Наверно, уже в сотый раз Дровосек посмотрел на часы и, помахав мне рукой, вышел из дома. Я набралась терпения и стала ждать… Я тысячу раз пожалела о том, что сейчас у меня нет возможности подойти к зеркалу. Если бы я только могла, я бы обязательно посмотрела на свое отражение и привела себя в порядок. Я, наверно, ужасно выгляжу. Просто ужасно! Не причесывалась, не умывалась и уж тем более не красила губы.
Я представила, как Лось вместе с другими нашими парнями передаст Дровосеку деньги и поедет сюда. Признаться честно, мне показалось, что у меня просто не хватит сил дождаться этой счастливой минуты. Я знала, что первым, кто забежит в дом, будет Лось, и до мельчайших подробностей представила нашу встречу. Он кинется к моим ногам, начнет развязывать веревки и говорить о том, как сильно он за меня переживал и как он меня любит. В его глазах будут стоять слезы, а руки будут дрожать. Он позабудет о конспирации и будет говорить мне о своих чувствах, совершенно позабыв о том, что рядом с ним стоят наши ребята, которые довольно тесно общаются с моим братом и могут рассказать ему о наших отношениях. А я и не буду его останавливать, потому что больше не хочу скрывать свои чувства. Я громко разревусь, брошусь ему на шею и тут же скажу, что с огромной радостью выйду за него замуж и что я уверена в том, что мой брат благословит наш союз и мы проживем в мире и согласии долгие и долгие годы. Все будет именно так, а по-другому не может и быть. Я больше не хочу прятаться от самой себя. Я хочу быть любимой, любить и жить полноценной жизнью, которой живут другие женщины.

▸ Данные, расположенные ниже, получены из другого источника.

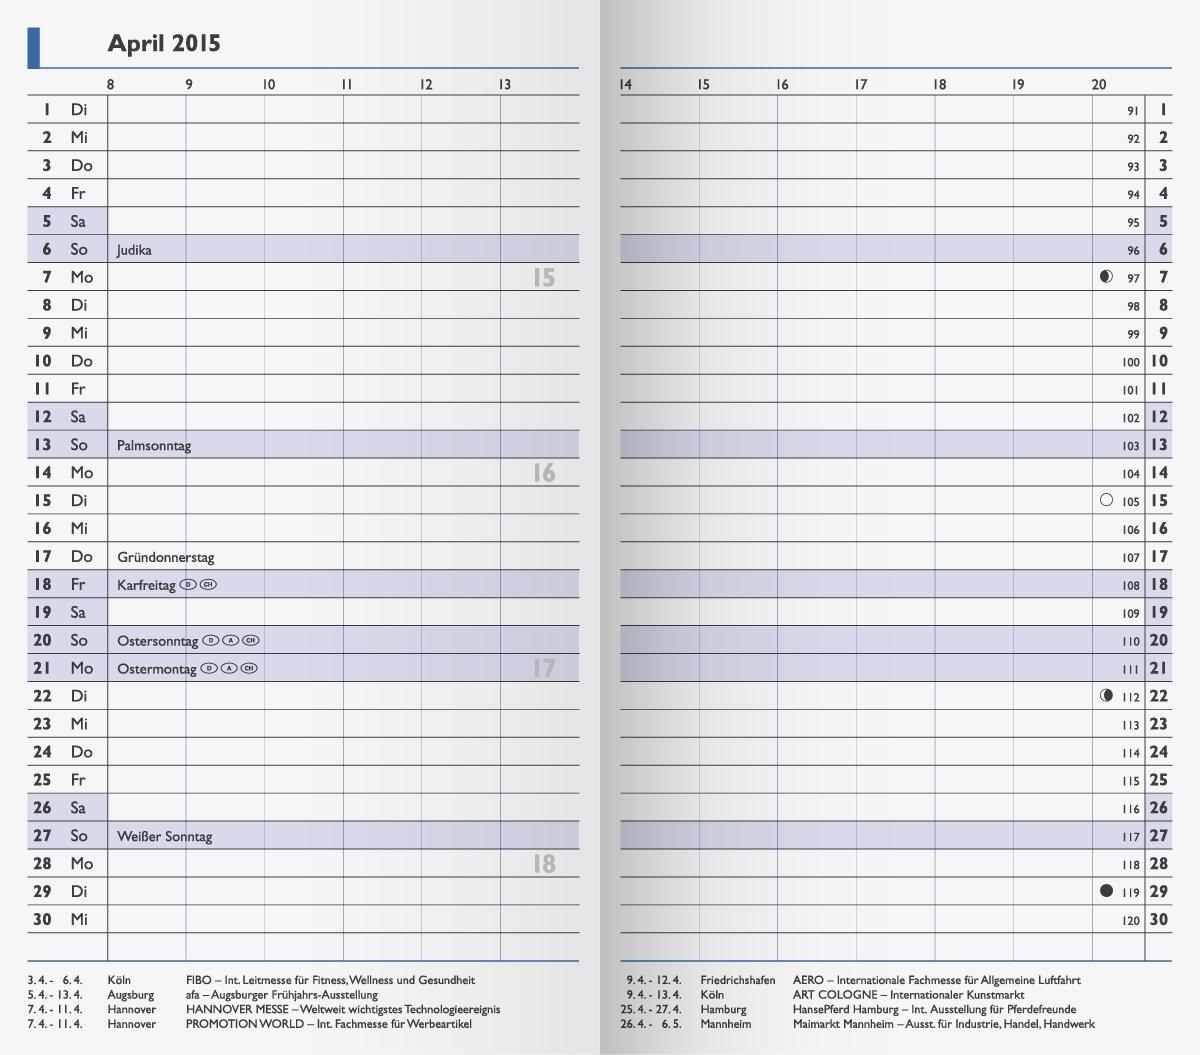 Brunnen Ersatz-Faltkalender 8,7x15,3 cm gelb 2021

Я даже подумала о том, что первым делом поеду вместе с Игорем к своему брату. Я обниму Женьку за плечи, расскажу ему, как я за него отомстила, и представлю ему его друга, моего будущего мужа, который будет теперь вместе со мной идти по жизни, оберегать, лелеять, холить, любить, пытаться меня понимать и выполнять мои многочисленные капризы… Я улыбалась своим мыслям и думала о том, что сижу слишком долго, что мое затворничество затянулось, что вот сейчас… сейчас это произойдет. Еще немного. Еще капельку терпения…
Когда входная дверь распахнулась, а на пороге появились Вован и Олег, я почувствовала, как сильно заколотилось мое сердце, и закричала:
– Блин, ну что же вы так долго! Я тут уже устала! У меня и руки занемели, и нос чешется! Ребята, родные мои! Вы не представляете, как я счастлива вас увидеть. Как я счастлива!!! Как долго я ждала этой минуты! А где Лось?
– Да он… это… – Вован встал рядом со мной и посмотрел на меня растерянным взглядом.
– Что он?
– Да он, это…
– Что он это? Ну говори, не томи!
– У него от твоего похищения крышу снесло. Так переживал, что напился, сел в машину и куда-то уехал.
– Как это? Куда? Он жив?
– Да жив он, не паникуй.
– Слава богу! – облегченно вздохнула я.
– В гипсе лежит твой Лось. Нога у него сломана.
– Так он в больнице?
– В больнице. Не переживай, оклемается и бегать начнет. Он, когда узнал, что мы тебя выкупать едем, был готов прямо с перевязанной головой и загипсованной ногой к тебе лететь, но он пока даже на костыли встать не смог. Мы его уверили, что все нормально будет. Да не смотри ты так испуганно. Никто тебе не врет. Он скоро как новенький будет. Починят врачи твоего Лося, словно поломанную игрушку. Просто у человека сотрясение и несколько переломов. Ничего из ряда вон выходящего нет.
– Зачем же он пьяный за руль сел?
– С горя. Любит, наверно, тебя.
– С чего ты взял?
– Только слепой этого не заметил бы. Об этом все наши ребята давно знают. Никто против вашей любви ничего не имеет. Что мы, не живые люди!
– Вован, вы деньги отдали? – немного успокоившись, спросила я.
– Отдали. Ровно пятьсот тысяч долларов, как похититель требовал.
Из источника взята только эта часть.